PAULO SERGIO CORDEIRO SANTOS 30 de julho de 2023 23h49
De fato, caro professor, vejo pertinência em suas considerações a respeito da ampliação pelos BRICS por outros países. Embora as realidades socio culturais em relação do Brasil em relação à China, Rússia, Índia e África do Sul sejam notórias, é fato que esses países possuem em comum o fato de serem países em desenvolvimento, muito embora a China, em breve, esteja cotada a ser a primeira economia mundial. Se a complexidade nos próprios BRICS já representa um desafio para o bloco, imaginemos se houver uma adesão de outros países com realidades econômicas diferentes além da influência estadunidense que poderia ensejar uma ambiguidade perante os membros. Seria mesmo interessante a participação de não membros episodicamente, pelo menos aprioristicamente.

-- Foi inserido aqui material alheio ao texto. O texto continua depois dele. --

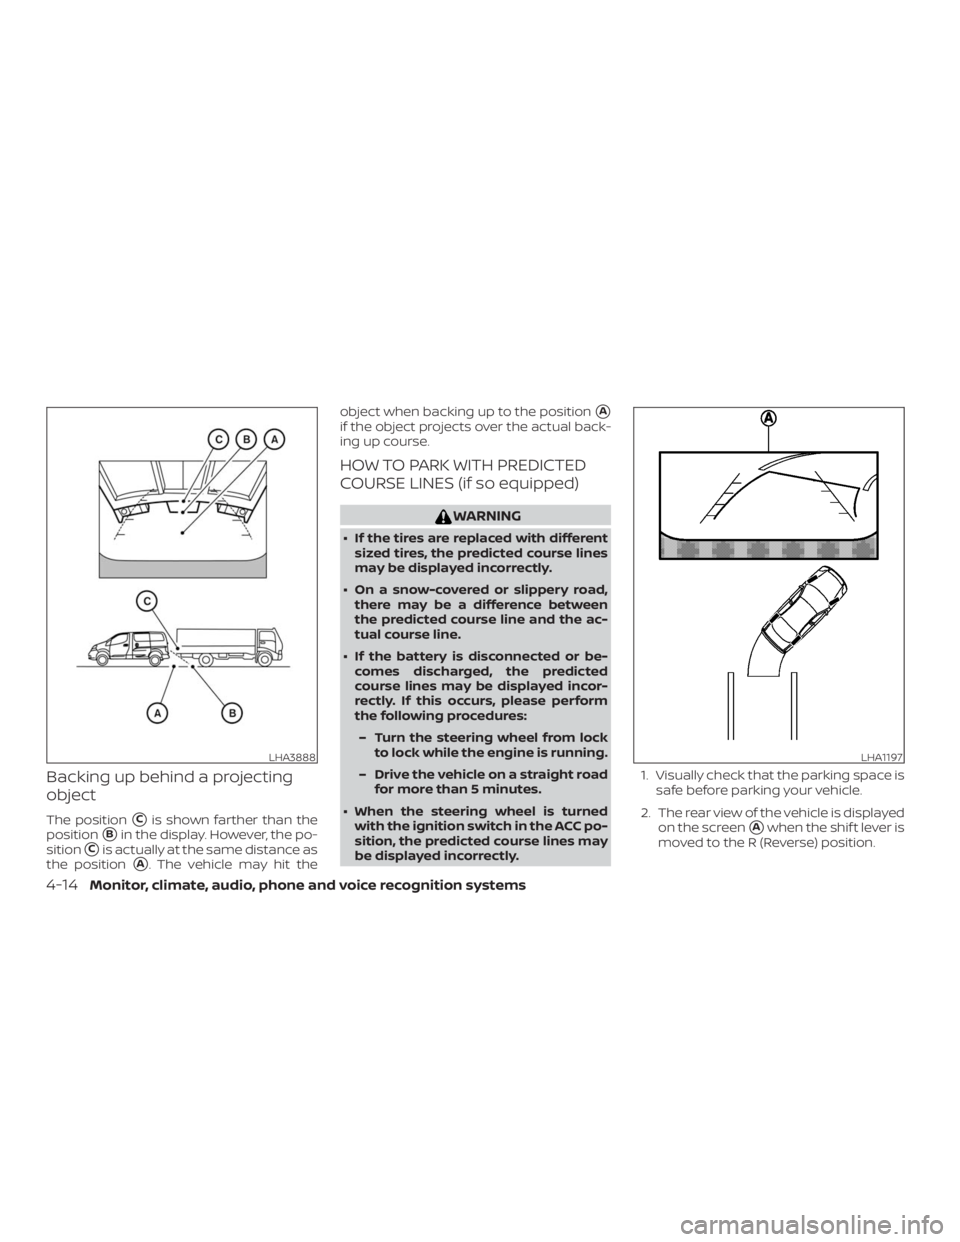 NISSAN NV200 2019  Owners Manual LHA3888LHA1197
4-14Monitor, climate, audio, phone and voice recognition systems

Depois, com o redesenho geopolítico do tempo e da história poder-se-ia repensar essa hipótese, mas não nessa próxima cúpula na África do Sul. Concordo plenamente que este não é o momento e não é oportuno para o Brasil.
ricardo fernandes de oliveira 31 de julho de 2023 12h09
Parabéns pelo texto
João Alberto Rodrigues 22 de agosto de 2023 17h10
Eu entendo, por tudo que leio, que a criação de uma moeda única pelo Brics, sofrerá uma direta pressão dos EUA, já que a hegemonia do dólar seria fortemente ameaçada.
Adair José Stancati de Carvalho 22 de agosto de 2023 20h42
Quanta à assinatura, já fiz. Quanto à análise do economista Paulo Nogueira, discordo diametralmente. O conceito do BRICS implica união para o fortalecimento de economias emergentes e não disputa de poder dentro do grupo. Até porque não é por países dependentes da China inseridos neste novo contexto que a China vai deixar de ser a potência que é. A argumentação do Paulo mais se parece com as fofocas desestabilizadoras da grande mídia entreguista, bem como do próprio discurso do governo americano que, indubitavelmente, se vê ameaçado com a nova ordem mundial. Tenho dito. Adair Carvalho. Vargem Grande Paulista/SP-Brasil, com muito orgulho do Presidente Lula.